Nineteenth-century British foreign policy was characterised by a reluctance to enter into permanent alliances with other Great Powers. Often assumed to apply only to the latter part of the century, some historians argue it originated after the 1822 Congress of Verona, when Britain withdrew from the post-1815 Concert of Europe, guided by Foreign Secretary George Canning. His principles dominated British foreign policy for decades, and have been summarised as follows;

Non-intervention; no European police system; every nation for itself, and God for us all; balance of power; respect for facts, not for abstract theories; respect for treaty rights, but caution in extending them...England not Europe...Europe's domain extends to the shores of the Atlantic, England's begins there.

For much of the 19th century, Britain sought to maintain the existing balance of power in Europe, while protecting trade routes to its colonies and dominions, especially those connecting to British India through the Suez Canal.
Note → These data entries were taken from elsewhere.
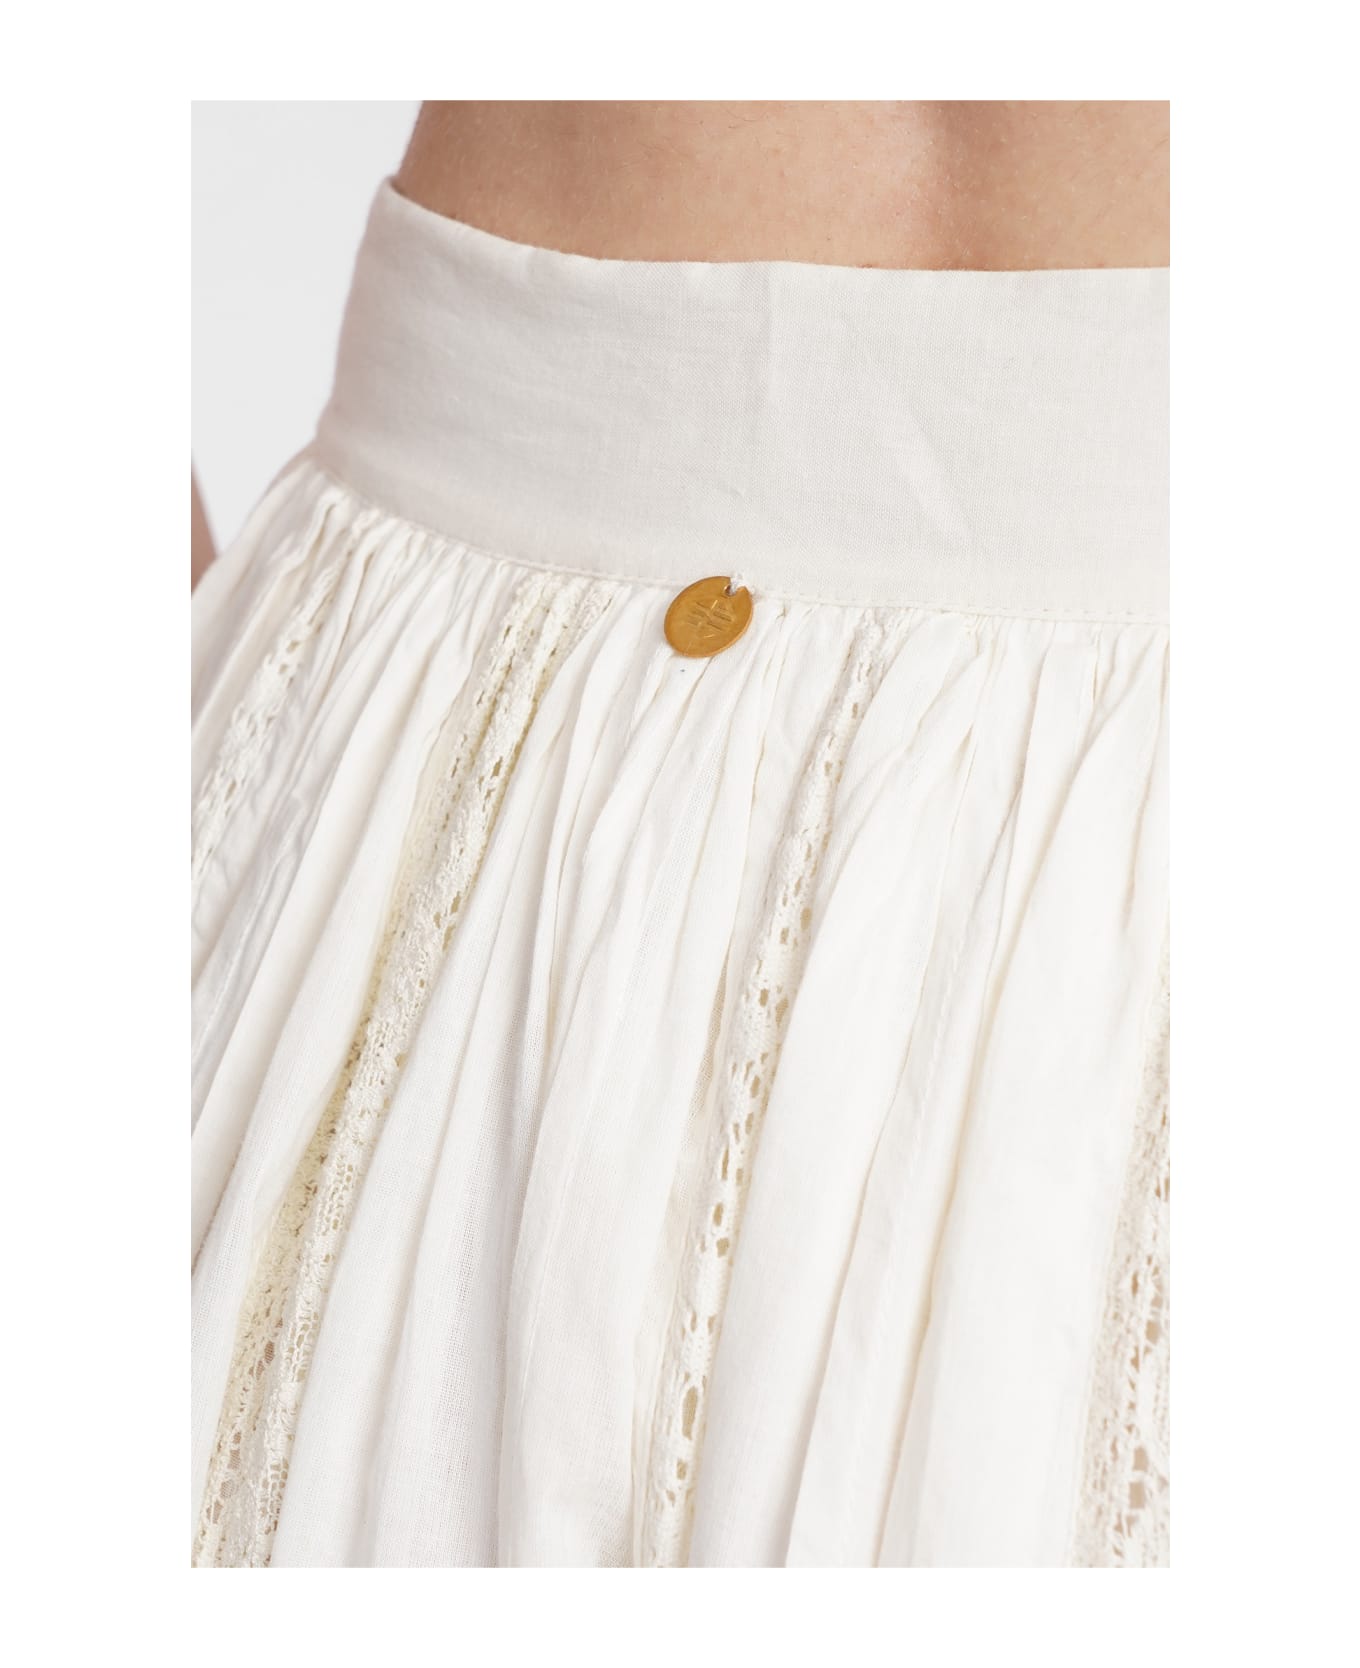 Antik Batik Aloha Skirt In Beige Cotton - CREAM
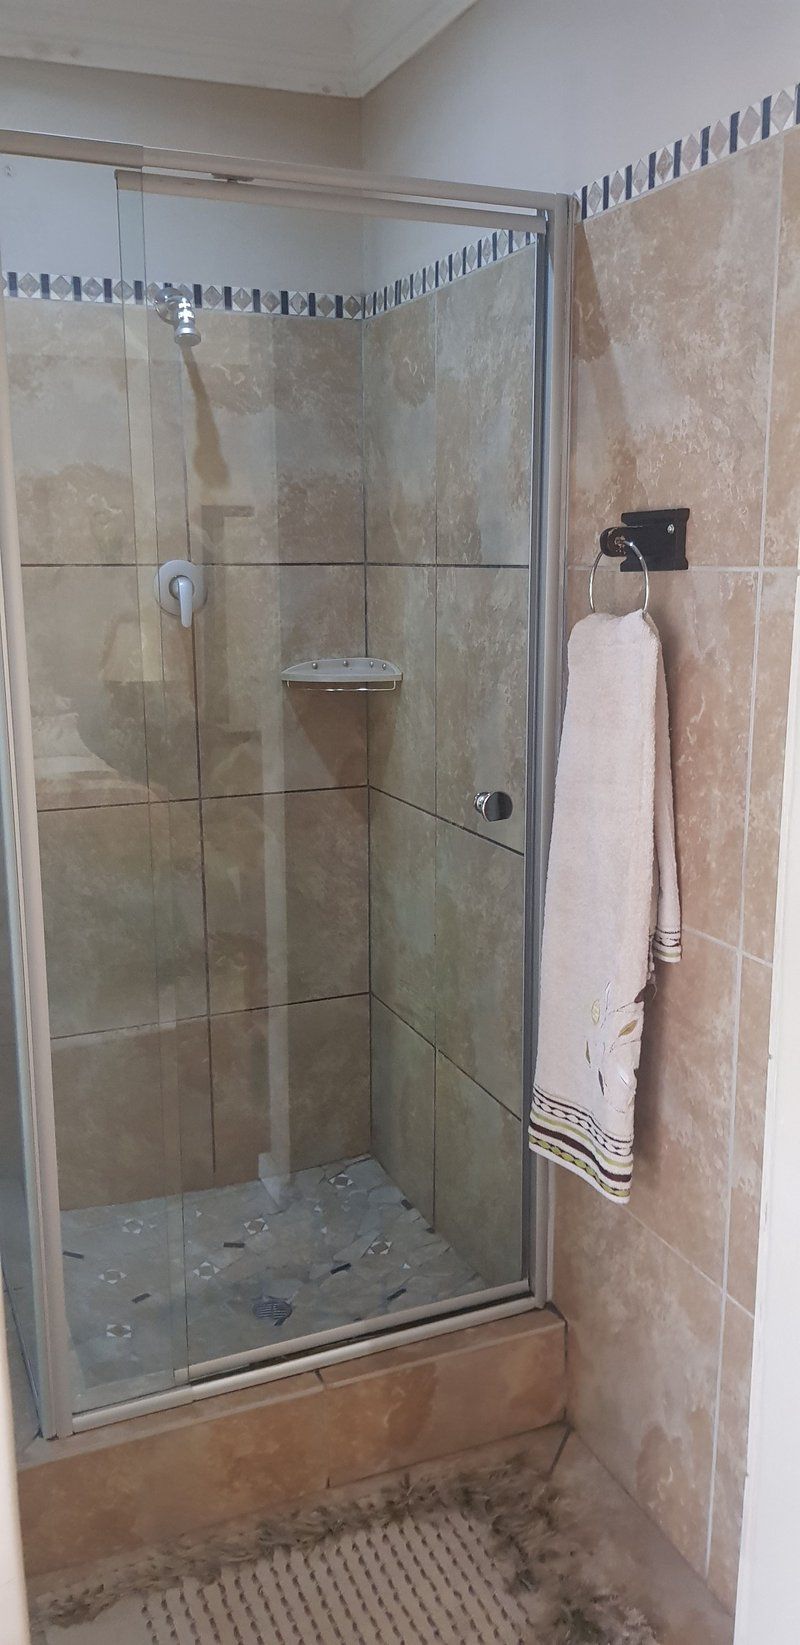 Liebencharm Guest House Rayton Gauteng Gauteng South Africa Unsaturated, Bathroom
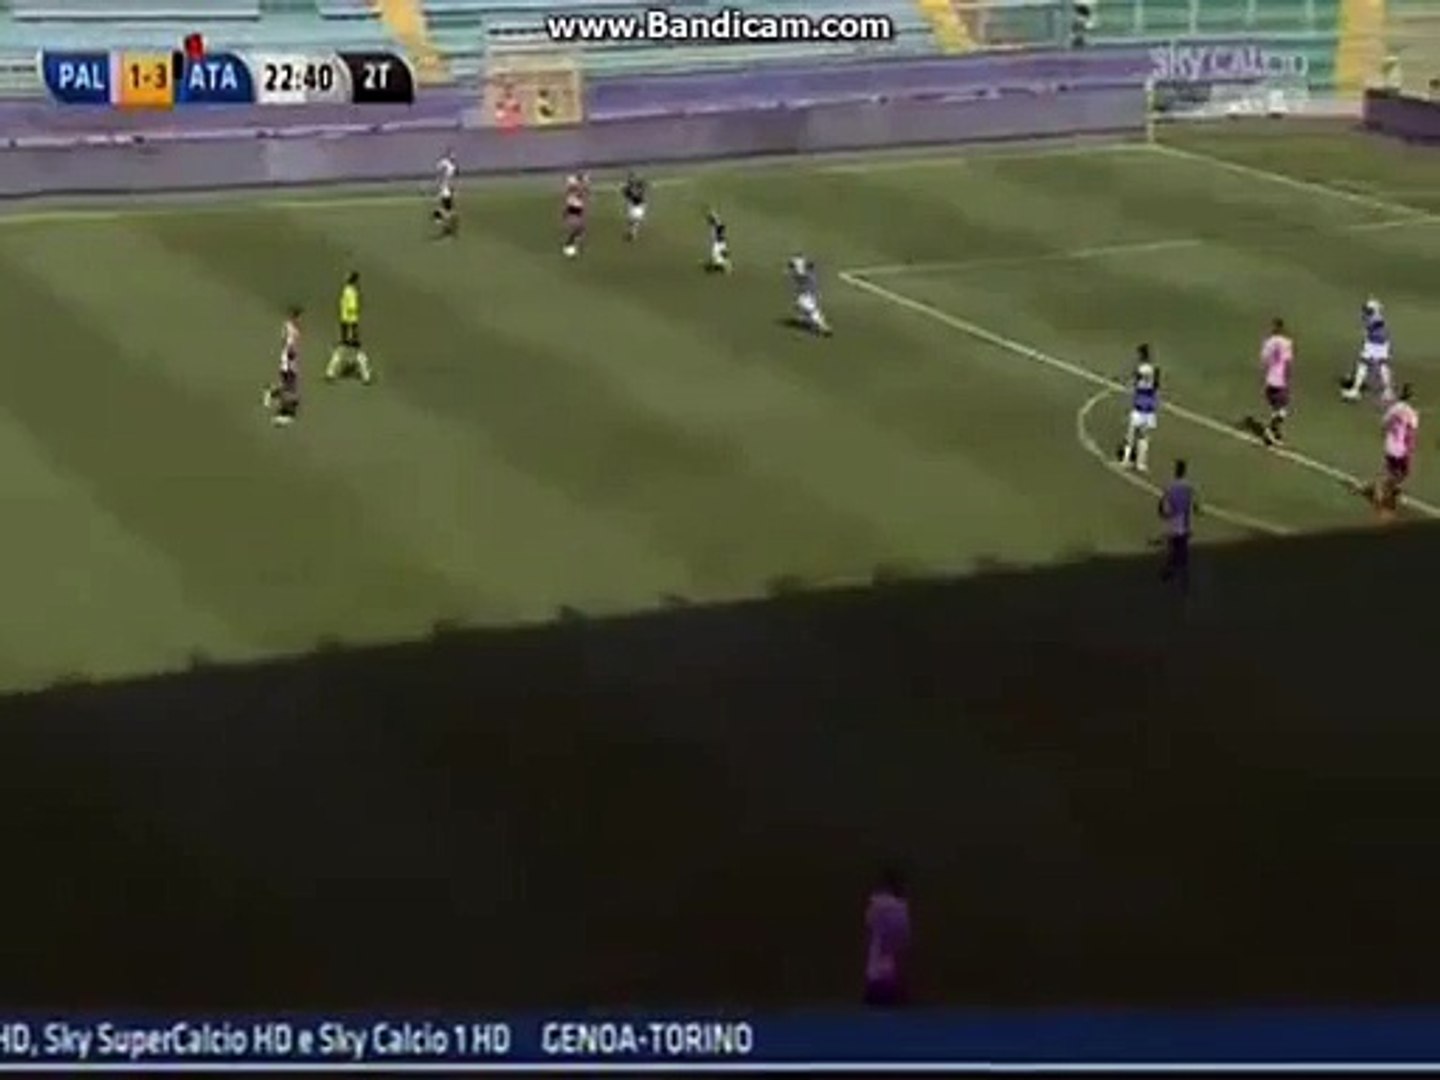 Palermo 2-3 Atalanta All Goals & Highlights - video Dailymotion
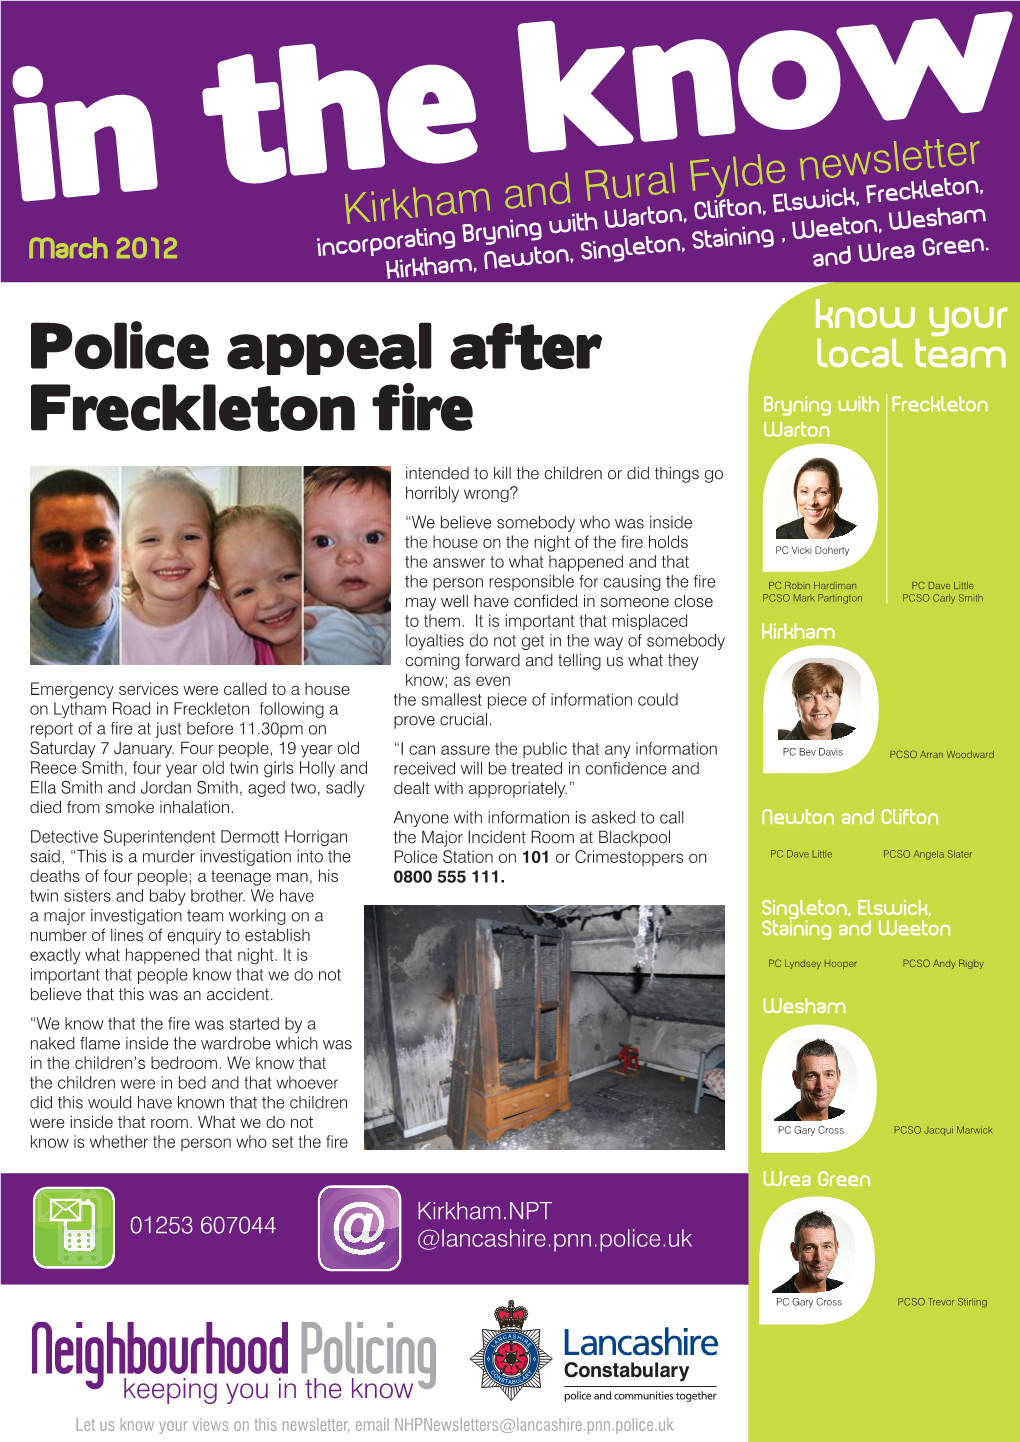 Police Appeal After Freckleton Fire

In 1866, the Foreign Secretary Lord Derby explained this policy as follows:

It is the duty of the Government of this country, placed as it is with regard to geographical position, to keep itself upon terms of goodwill with all surrounding nations, but not to entangle itself with any single or monopolising alliance with any one of them; above all to endeavour not to interfere needlessly and vexatiously with the internal affairs of any foreign country.

One exception was the 1839 Treaty of London, recognising the independence of Belgium, which led to Britain entering World War I in 1914. The ports of Ostend, Antwerp and Zeebrugge were so important to ensuring control of the English Channel, Britain guaranteed Belgian independence, by military means if required.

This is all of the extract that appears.